Tidak terasa, sudah belasan tahun berlalu. Gadis itu sudah berusia dua puluh tiga tahun sekarang. Dulu, ia melambai seperti itu saat mengantar Ve yang hendak berangkat sekolah. Kini, ia mengantar gadis itu pergi bekerja.

"Hah," desah Nurlena dengan berat. Rasa sesak di dadanya, membuat ia menarik napas panjang berulang kali, mengembuskan pelan. Berharap hal itu bisa meringankan beban yang seakan menimpa dadanya, tapi hal itu tidak berpengaruh apa-apa.

***

Tok! Tok! Tok!

"Masuk!"

"Maaf, Tuan. Hari ini mau sarapan apa?" tanya Odah. Ia adalah asisten rumah tangga yang bekerja di rumah Andika. Usianya empat puluh lima tahun dengan status janda ditinggal mati suaminya. Wanita itu sudah cukup lama bekerja di rumah Andika, juga satu-satunya asisten rumah tangga yang tinggal di rumah itu.

"Tidak perlu menyiapkan sarapan, Bi. Masak untuk Bibi saja sendiri. Saya sarapan di kantor hari ini," jawab Andika sambil merapikan ikatan dasi di lehernya.

Odah mengambil sepatu dan menaruhnya di dekat tempat tidur. Ia juga mengambilkan tas kantor milik sang majikan. Jika saja Andika sudah menikah, yang melakukan pekerjaan itu pastilah istrinya.

"Terima kasih, Bi."

"Sama-sama, Tuan. Maaf, Tuan, kalau saya lancang. Apa Tuan tidak ada rencana untuk menikah?" tanya Odah dengan hati-hati.

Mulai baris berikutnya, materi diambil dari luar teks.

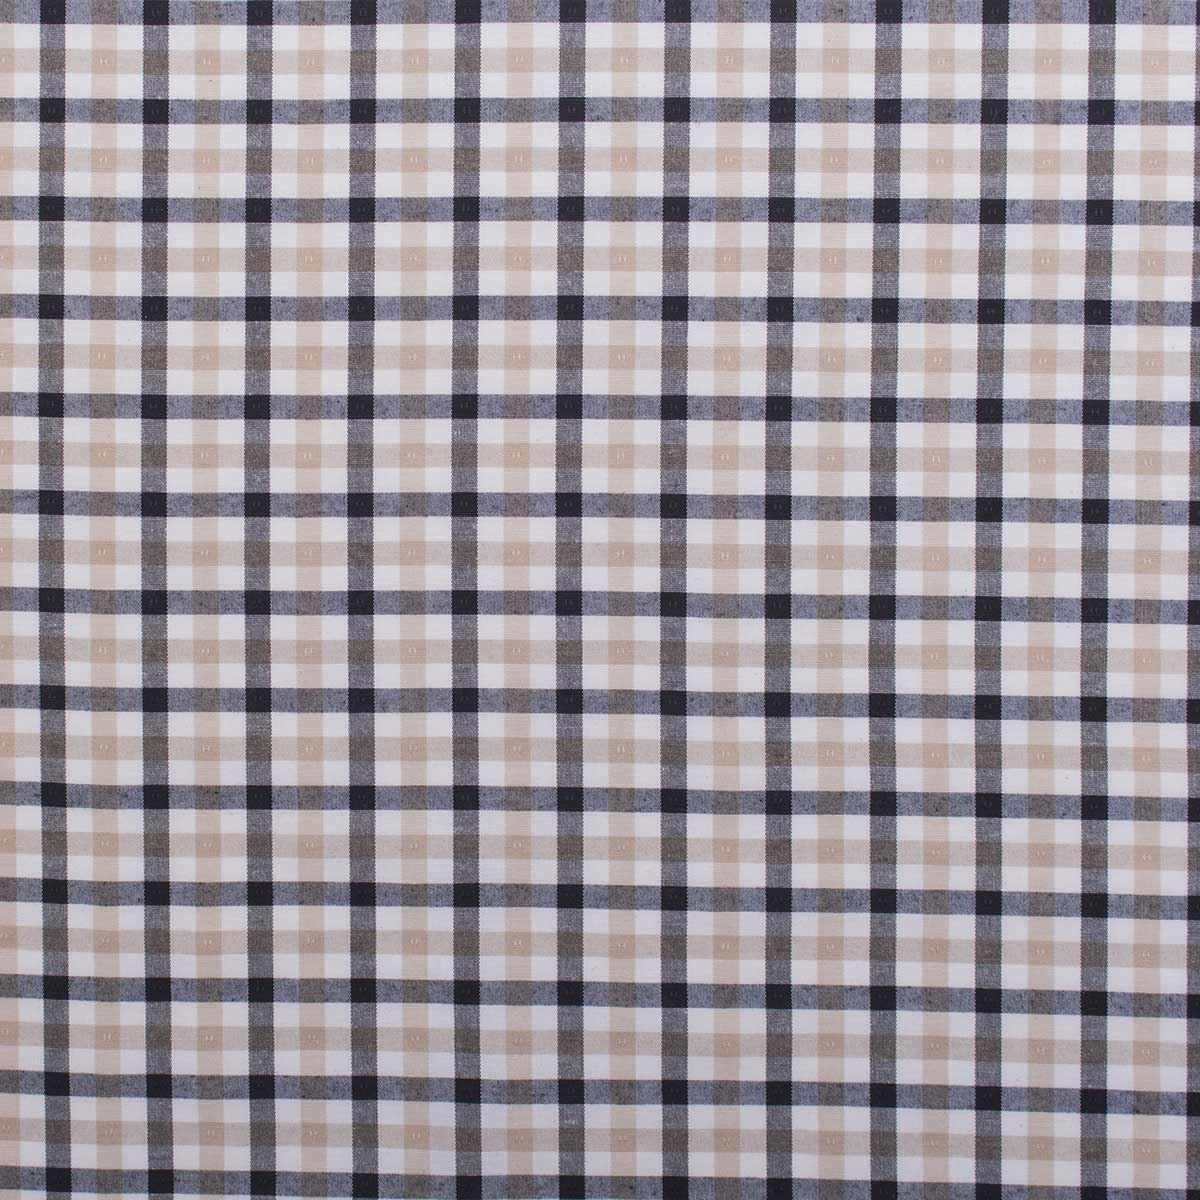 Brewster Check Tartan Black White And Beige Plaid Cotton Look

"Kenapa? Bibi sudah bosan membantu saya?" Andika bertanya kepada Odah dengan nada bercanda. Senyumannya sangat cerah pagi ini, membuat asisten rumah tangga itu bahagia.

"Tentu saja tidak, Tuan. Bibi hanya merasa, rumah ini terlalu dingin. Sepertinya, jika ada sosok seorang istri, akan terasa hangat."

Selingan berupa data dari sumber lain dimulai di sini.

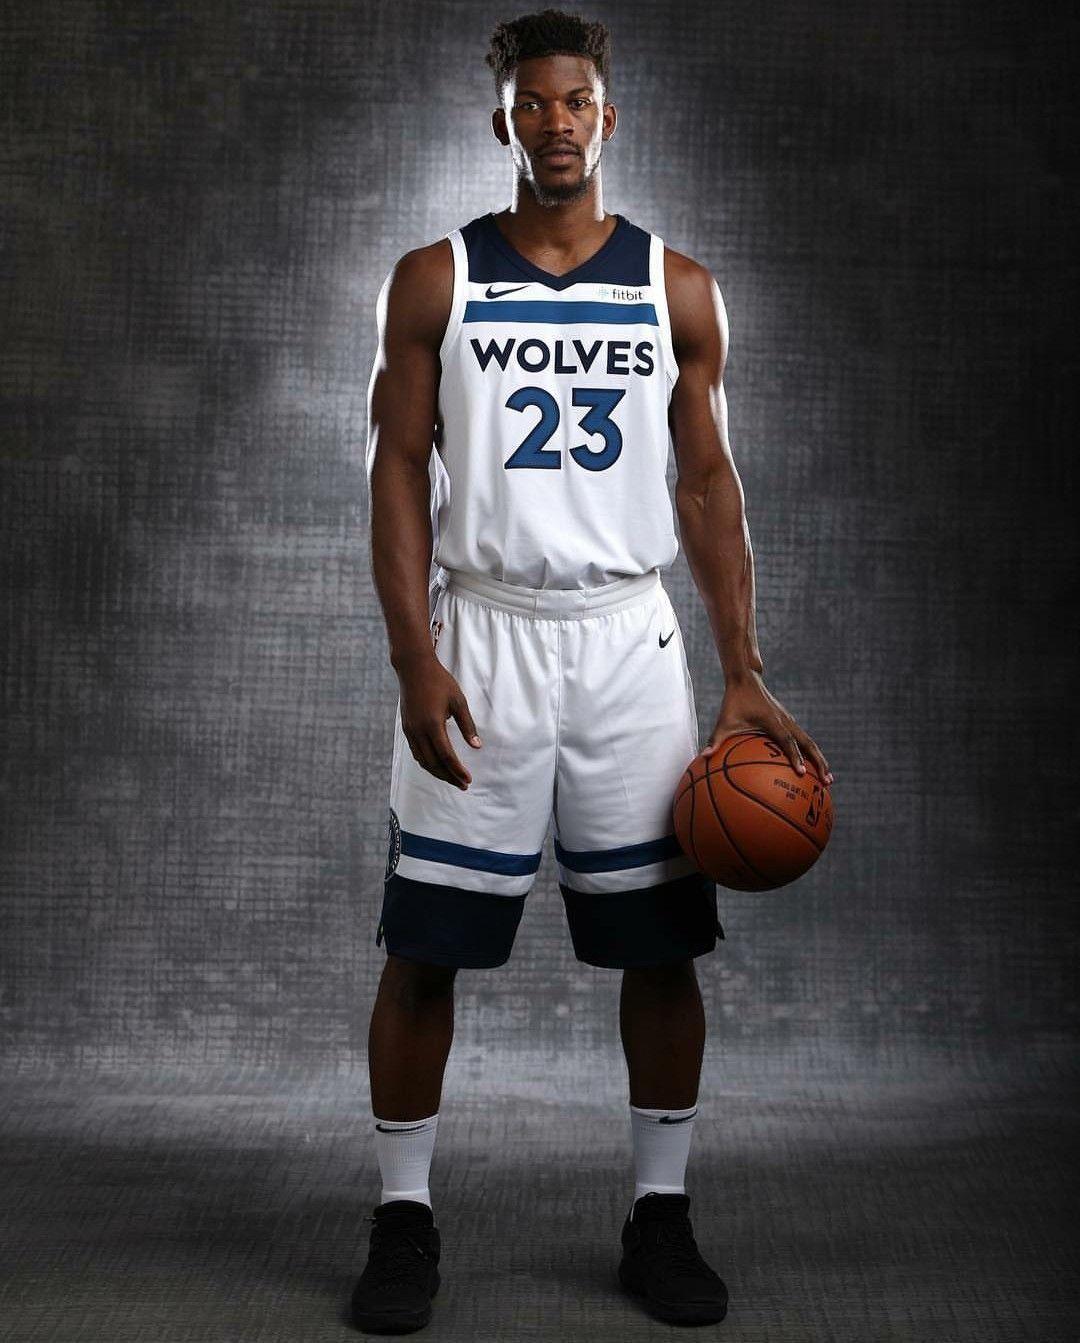 Jimmy Butler Wallpaper Probasketball Basketball Jersey Outfit Basketball Uniforms Design Girls Basketball Shoes

"Saya sedang mencoba mencari calonnya, Bi. Tapi, kalau saya tidak dapat istri di luar, Bibi saja yang menjadi istriku," kelakar Andika. "Aw!"

Odah memukul bahu laki-laki itu karena berbicara sembarangan. Andika sudah menganggap wanita itu seperti ibunya, begitupun sebaliknya. Odah menyayangi Andika lebih dari sekedar pembantu dan majikan. Usia laki-laki itu sama dengan usia putrinya, membuat ia mengingat putrinya yang sudah meninggal karena penyakit lupus.